Transposon insertion site bias is often cited as a limitation of transposon mutagenesis techniques. We detected a bias toward insertion in A + T-rich regions (Supplemental Fig. S1), but the frequency of insertion achieved by the number of transposon mutants ensured that even G + C-rich regions contained numerous insertions. Given that transposon insertion sites delimited essential genes, we have no reason to believe that transposon insertion bias has had any bearing upon our conclusions.

We have also used this technique in S. Typhimurium with a pool of one million transposon mutants. The sequence data from this library is currently being analyzed, but preliminary results indicate genome coverage is of an equivalent density to the S. Typhi library.

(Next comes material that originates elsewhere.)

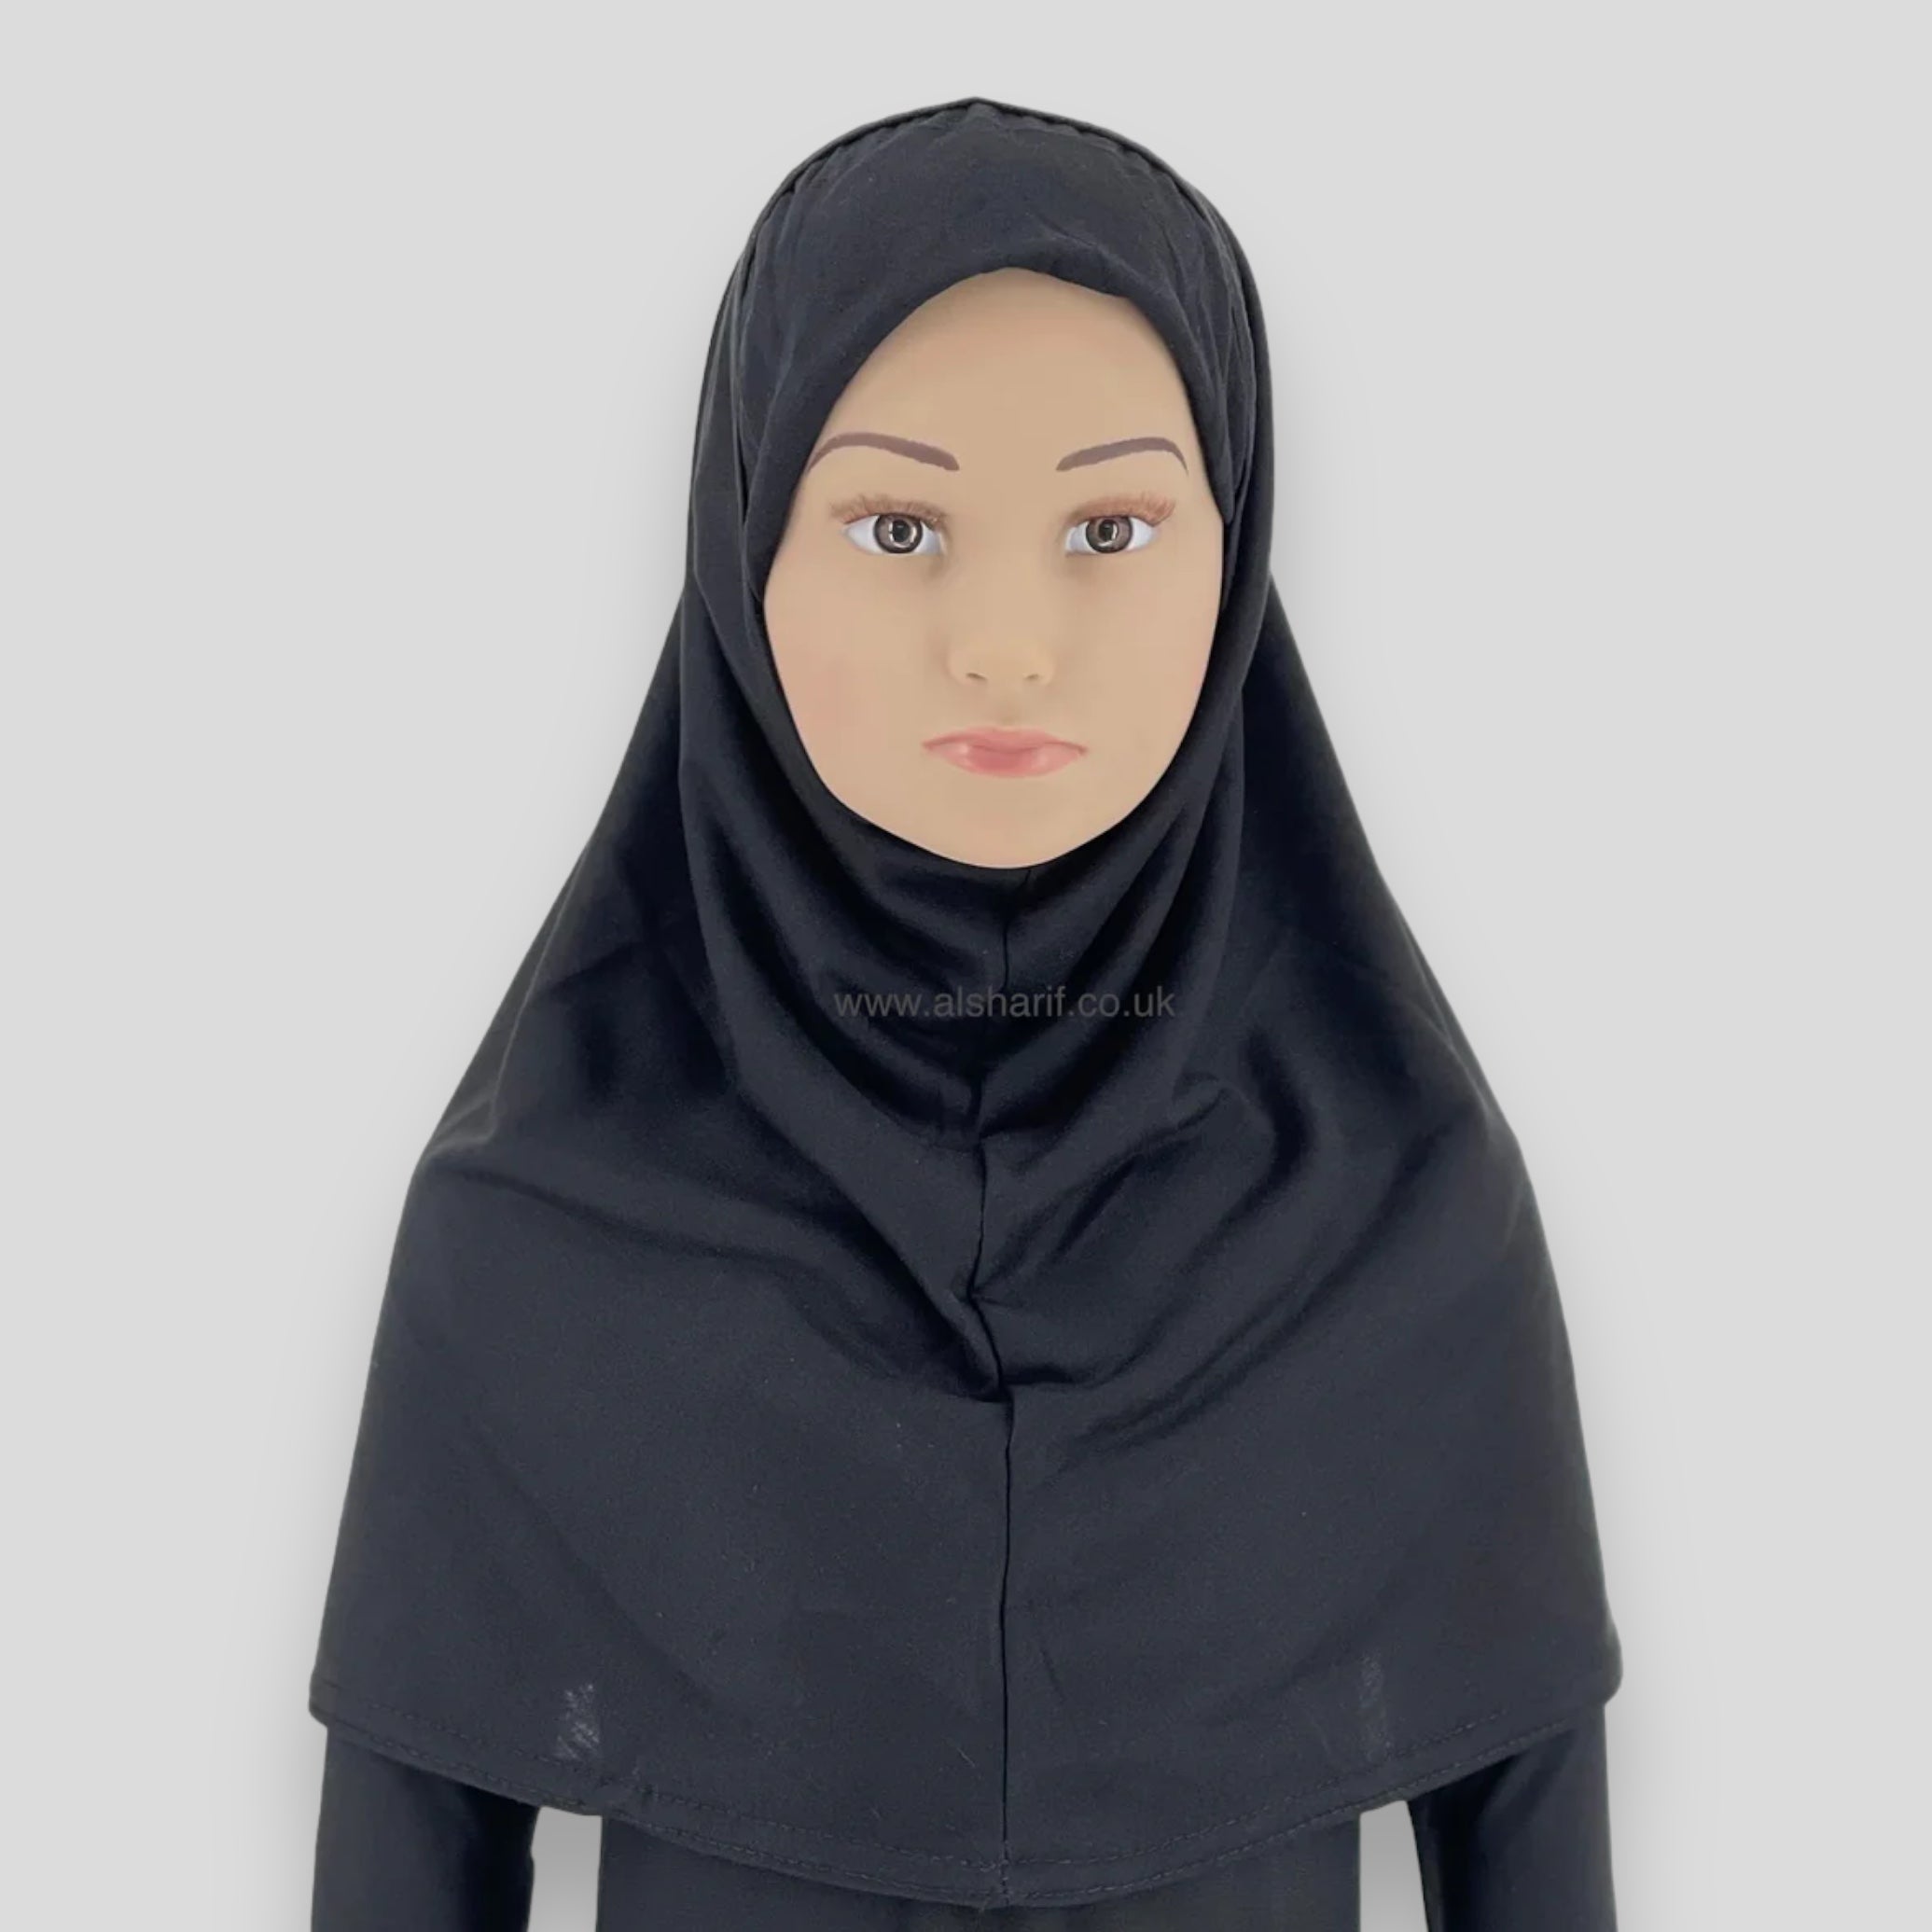 Girls Hijabs Size Medium/Large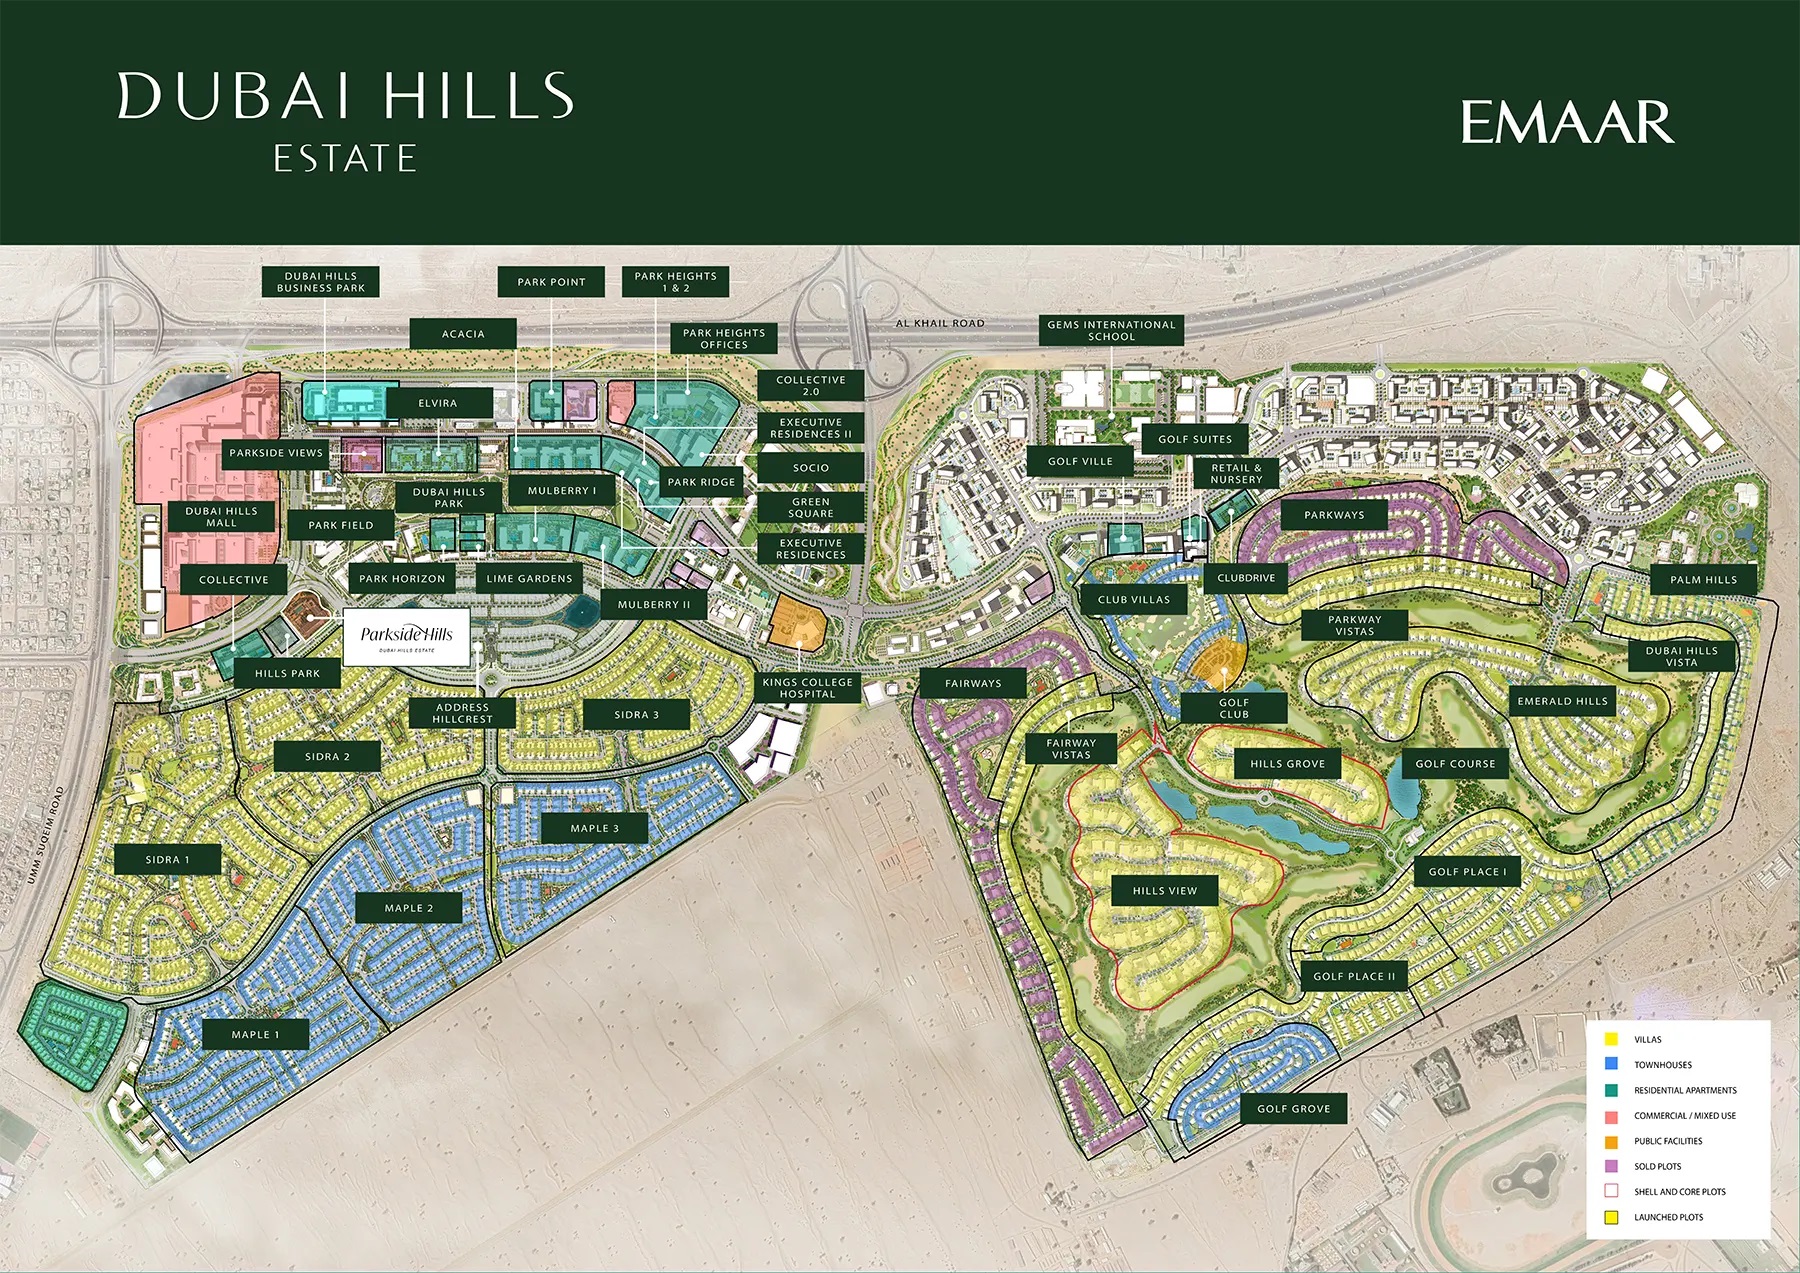 latest-project-in-dubai-parkside-hills-for-sale-in-dubai-hills-estate

This technique should work for any bacterium in which a large enough mutant library can be obtained, which is dependent upon transformation rates and a suitable transposon.

Passaging the full transposon library six times allowed the identification of genes that are advantageous for growth without being absolutely essential. More strikingly, a small set of genes were identified that are apparently disadvantageous during nutrient-rich growth under laboratory conditions. This is the first time, to our knowledge, that a transposon mutagenesis screen has been used successfully to determine genes costly to a growth condition, as well as those required for it.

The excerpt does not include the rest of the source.